VSpell listens for a few seconds, transcribes what it hears using the `faster-whisper` library, and copies the resulting text directly to your clipboard, streamlining voice-to-text workflows.

## Features

- **Fast Transcription**: Quickly record and transcribe audio using the highly efficient `faster-whisper` library.
- **Clipboard Integration**: Transcribed text is automatically copied to the clipboard for immediate pasting.
- **Silence Detection**: Avoids processing and transcribing empty audio clips, saving time and resources.
- **Noise Calibration**: Includes a one-time calibration step to accurately distinguish speech from ambient noise.
- **Model Selection**: Choose from different Whisper model sizes (`tiny`, `base`, `small`, `medium`, `large`) to balance speed and accuracy.
- **Audio Playback**: Listen to your last recording to verify what was captured.

## Installation

Before installing, ensure you have the necessary system dependencies for audio recording.

**For macOS:**

```bash
brew install ffmpeg
```

**For Debian/Ubuntu:**

```bash
sudo apt-get install ffmpeg
```

---

To install VSpell, clone this repository and install the package using pip.

```bash
git clone https://github.com/vibe-technologies/vspell.git
cd vspell
pip install .
```

This will install the necessary dependencies and make the `vspell` command available in your terminal.

## First-Time Setup: Calibration

For VSpell to work effectively, it needs to know what "silence" sounds like in your environment. Run the calibration command once before you start using it.
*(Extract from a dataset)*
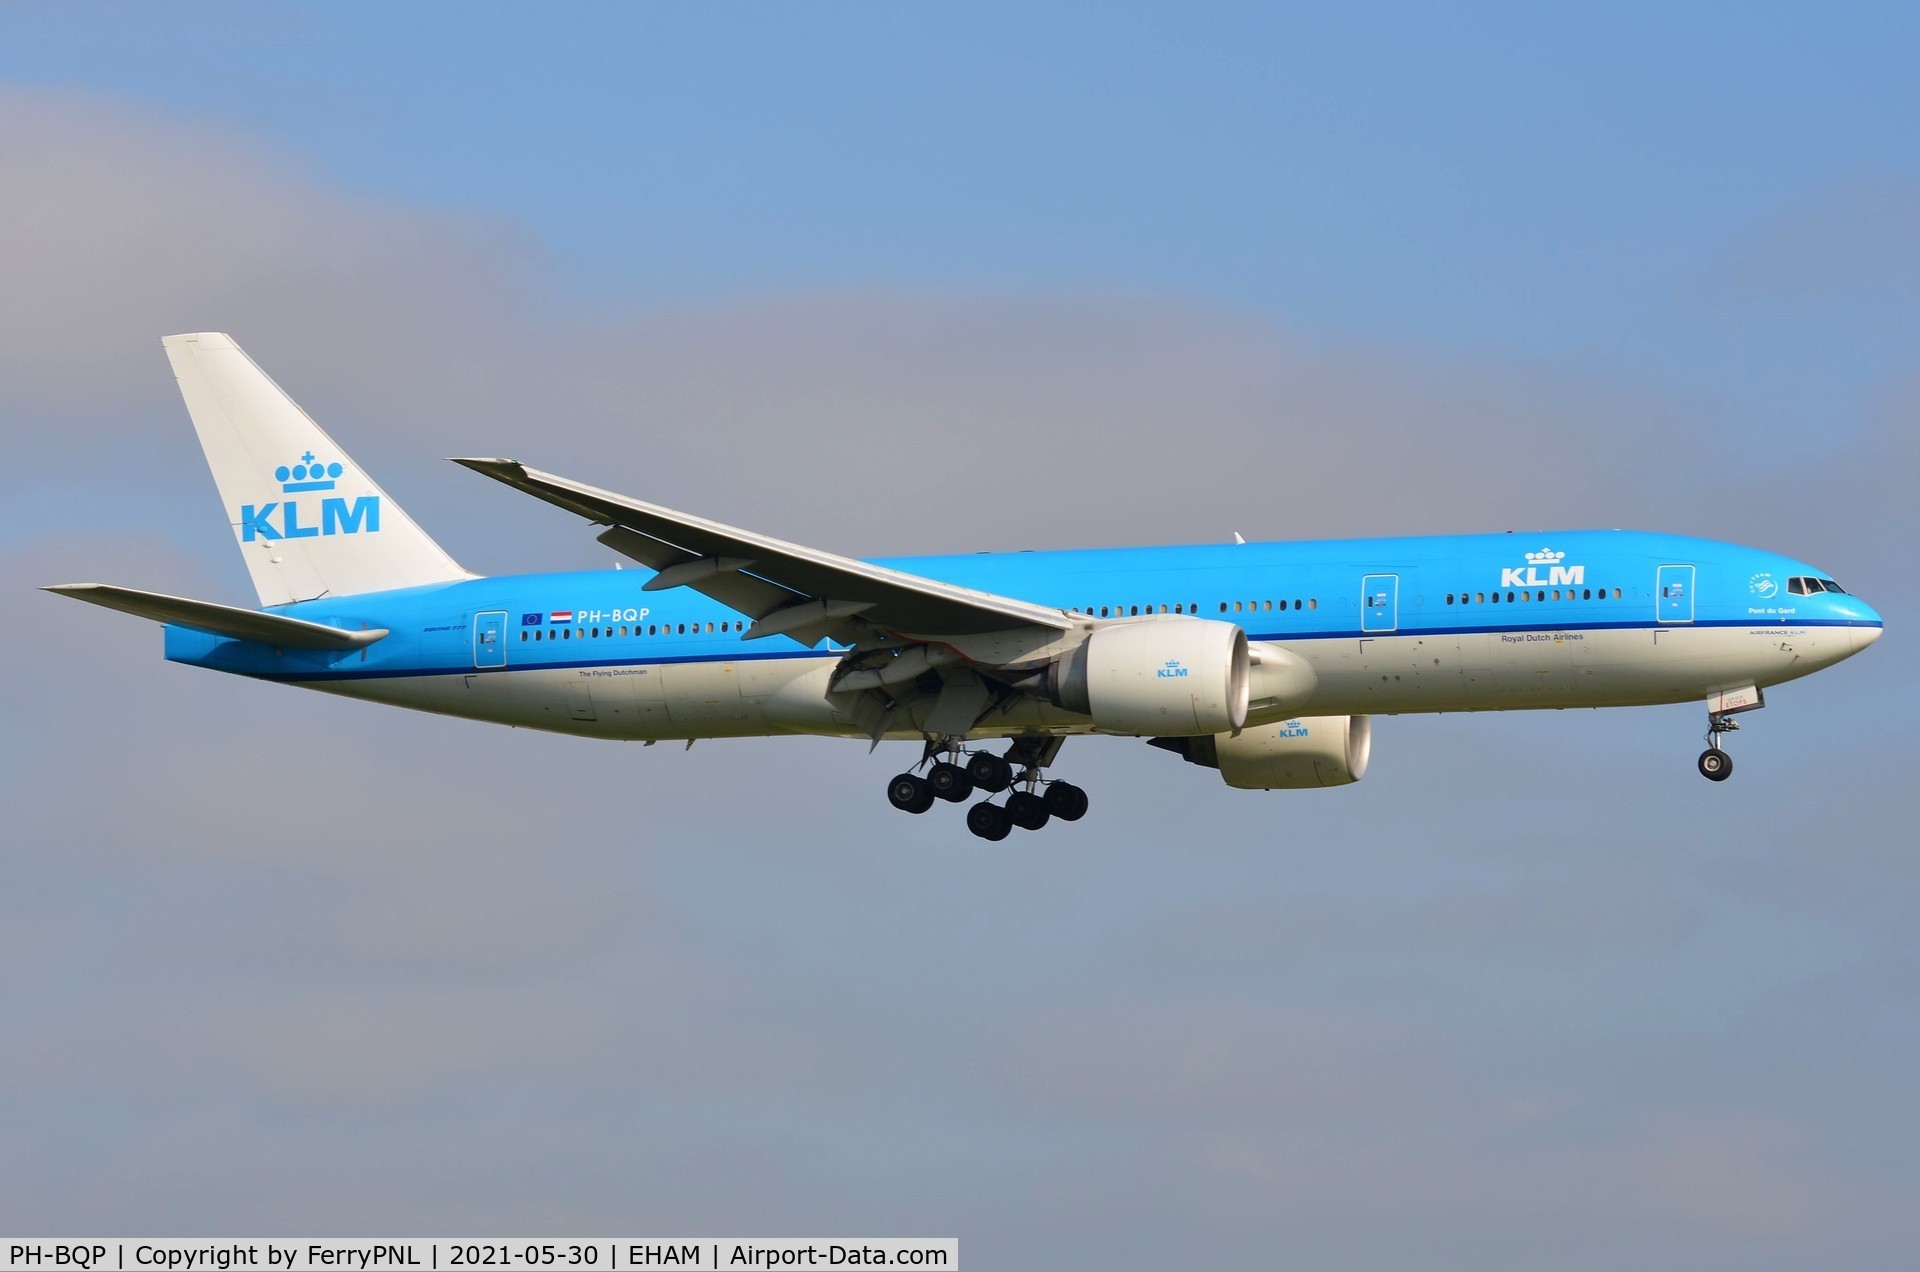 PH-BQP, 2007 Boeing 777-206/ER C/N 32721, Arrival of KLM B772

Find a quiet moment and run:

```bash
vspell --calibrate
```

Remain silent for the 2-second duration. This will measure your ambient noise level and set a threshold for silence detection. This value is saved in `~/.config/vspell/vspell_config.json`. You can re-run this anytime your environment changes (e.g., you get a new microphone or move to a noisier room).

## Usage

Once calibrated, using VSpell is simple.

### Main Command

Just run the `vspell` command. It will listen for 2 seconds, transcribe what it hears, and copy the result to your clipboard.

```bash
vspell
```

```
Listening for 2 seconds...
Transcribing…
Transcribed: Hello, world.
Text copied to clipboard.
```

If you say nothing, it will detect the silence and stop.

```bash
vspell
```

```
Listening for 2 seconds...
No speech detected — nothing transcribed.
```

### Command-Line Options

```
usage: vspell [-h] [--calibrate] [--playback [PLAYBACK]] [--duration DURATION] [--model MODEL]

VSpell - Voice spelling tool

options:
  -h, --help            show this help message and exit
  --calibrate           Calibrate ambient noise threshold
  --punctuate           Retain punctuation and original casing in transcribed text (default is to remove punctuation and lowercase)
  --playback [PLAYBACK]
                        Playback recorded audio with optional volume
                        multiplier (default=1.0)
  --duration DURATION   Recording duration in seconds
  --model MODEL         Whisper model size [tiny, base, small, medium, large]
                        (default=medium)
```

**Examples:**

- **Record for 5 seconds:**

  ```bash
  vspell --duration 5
  ```
- **Use a different model for higher accuracy (e.g., `large`):**

  ```bash
  vspell --model large
  ```
- **Playback the last recording at 1.5x volume:**

  ```bash
  vspell --playback 1.5
  ```
- **Transcribe text with punctuation and original casing:**

  ```bash
  vspell --punctuate
  ```

## How It Works

1. **Record**: When you run `vspell`, it records audio from your default microphone for a set duration (default is 2 seconds) into a temporary `.wav` file.
2. **Analyze**: It checks the audio's amplitude against the calibrated silence threshold. If it's below the threshold, the program exits.
3. **Transcribe**: If speech is detected, the audio is passed to the `faster-whisper` model for transcription. The first time you use a model, it will be downloaded and cached locally in `~/.cache/huggingface/hub`.
4. **Copy**: The resulting text is copied to your system's clipboard.

## Configuration

VSpell creates a configuration directory at `~/.config/vspell`.

- `~/.config/vspell/vspell_config.json`: Stores the `silence_threshold` determined during calibration.
- `~/.config/vspell/input.wav`: The temporary audio file of your last recording.